How biased I am

How biased I am

A few years ago, a foreign journalist who was on a visit to Istanbul called me, asking if we could have a cup of coffee together, and I accepted. Once we sat down, she said she was hoping to get an “objective view of Turkey” from me. “I am sorry,” I said in return. “There are probably no objective Turks in the world, but let me still try to do my best.” 

I must say the same thing about this very column you are reading right now. I have been writing here regularly since 2006, and despite being overtly opinionated, I have been honest about facts. In the big political war between the “Old Turkey” and the “New Turkey” — or the Kemalist establishment versus the AKP — I certainly supported the latter. The reason was not that I was paid by the Justice and Development Party (AKP) — or the Gülen Movement, the CIA, George Soros, or any other popular conspiracy-theory icon — but I really believed that the new Turkey would be better than the old one. Yet I never distorted facts or intentionally hid crucial ones.

One reason I am noting all this is a recent accusation laid against me by my column neighbor Burak Bekdil. In his recent piece titled “Turkey made us,” he accused me of making “pure propaganda,” and backed this claim up with a single example: my “imaginary link between Kemalism and, say, why there are honor killings.”

However, that led me to suspect that “pure propaganda” was not what I did, but rather what I was targeted with. Because I never claimed any link between Kemalism and honor killings, which indeed would be a silly argument. (The only thing I have said about the matter was that honor killings result from “patriarchal codes of male domination, rather than Islamic norms.”)

So, unfortunately, Mr. Bekdil was not very factual on this particular point. Worse, this was not the first time. (For an example, see my piece, “Beware of the anti-AKP propaganda department,” published in these pages on Aug 26, 2011.) But I really do not want to turn this column into a boring you-said-this-I-said-that debate. So, let me just state a few points about how biased I am, and why that is the case, when it comes to interpreting Turkey.

First, yes, I am very critical of Kemalism, Turkey’s official ideology. In fact, I respect Kemal Atatürk as a war hero, and appreciate a few of his reforms, such as the advances in women’s rights. However, I also believe that Kemalism, with its xenophobic nationalism, authoritarian secularism and cult of personality, has bred a very anti-democratic and illiberal state and society.

Secondly, I have sympathized with the AKP most for their unraveling of Kemalism. They have broken many taboos, ranging from the Kurdish issue to rights for non-Muslims, from Cyprus to the military’s dominance. The fact that they accomplished these liberal reforms as a post-Islamist party has made the AKP experience even more valuable for me, due to its significance for the Muslim world.

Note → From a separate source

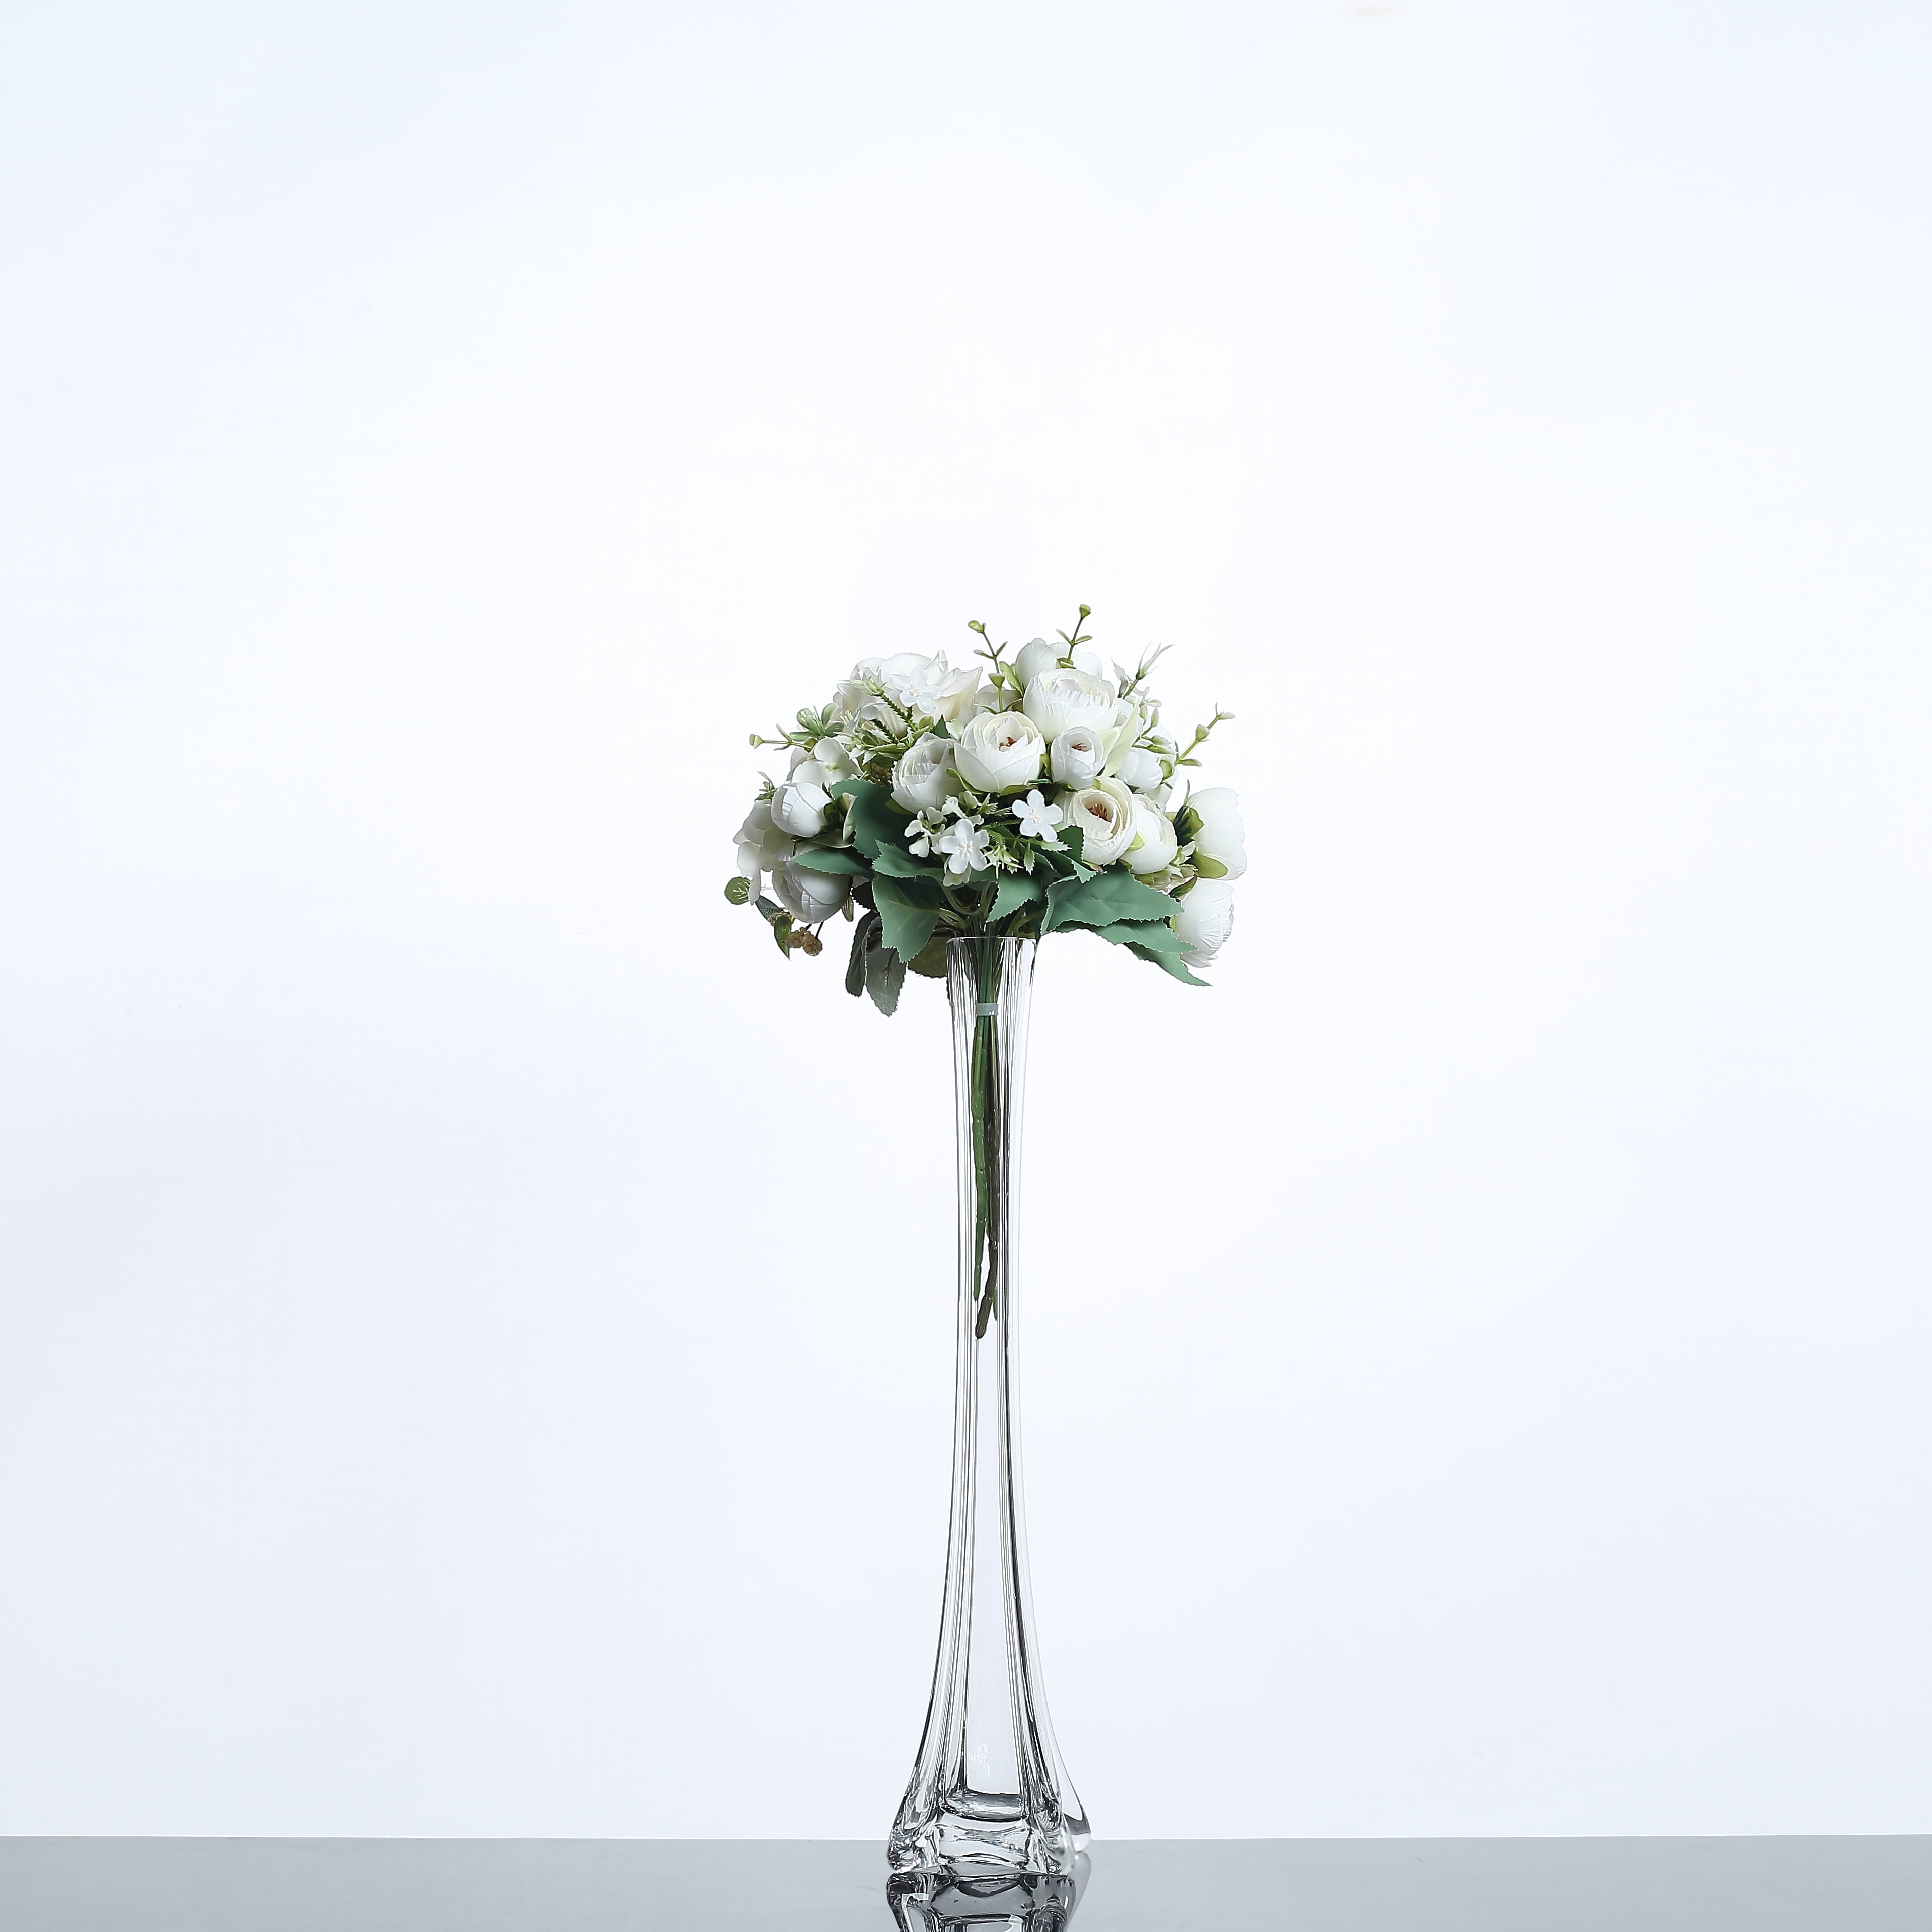 4 Pcs Eiffel Tower Vase Tall Glass Eiffel Tower Vases Clear Tower Vases  Table Centerpiece Flower Container Vases with Sturdy Base for Centerpieces

Thirdly, unlike Mr. Bekdil, I see the effect of Kemalism not only in the self-proclaimed Kemalists, but also in some pro-AKP conservatives. The main pillar of Kemalism, Turkish nationalism, especially, which has been pumped by the state for decades, is a powerful force that wields a strong influence on the AKP as well. The AKP, in other words, is not free from nationalism; it is just relatively less nationalist.

Finally, it is true that the AKP has recently let its reformism wane, and focused on enjoying political power rather then constraining it. But this has hardly anything to do with their “Islamism;” it is just because power corrupts, and builds arrogance.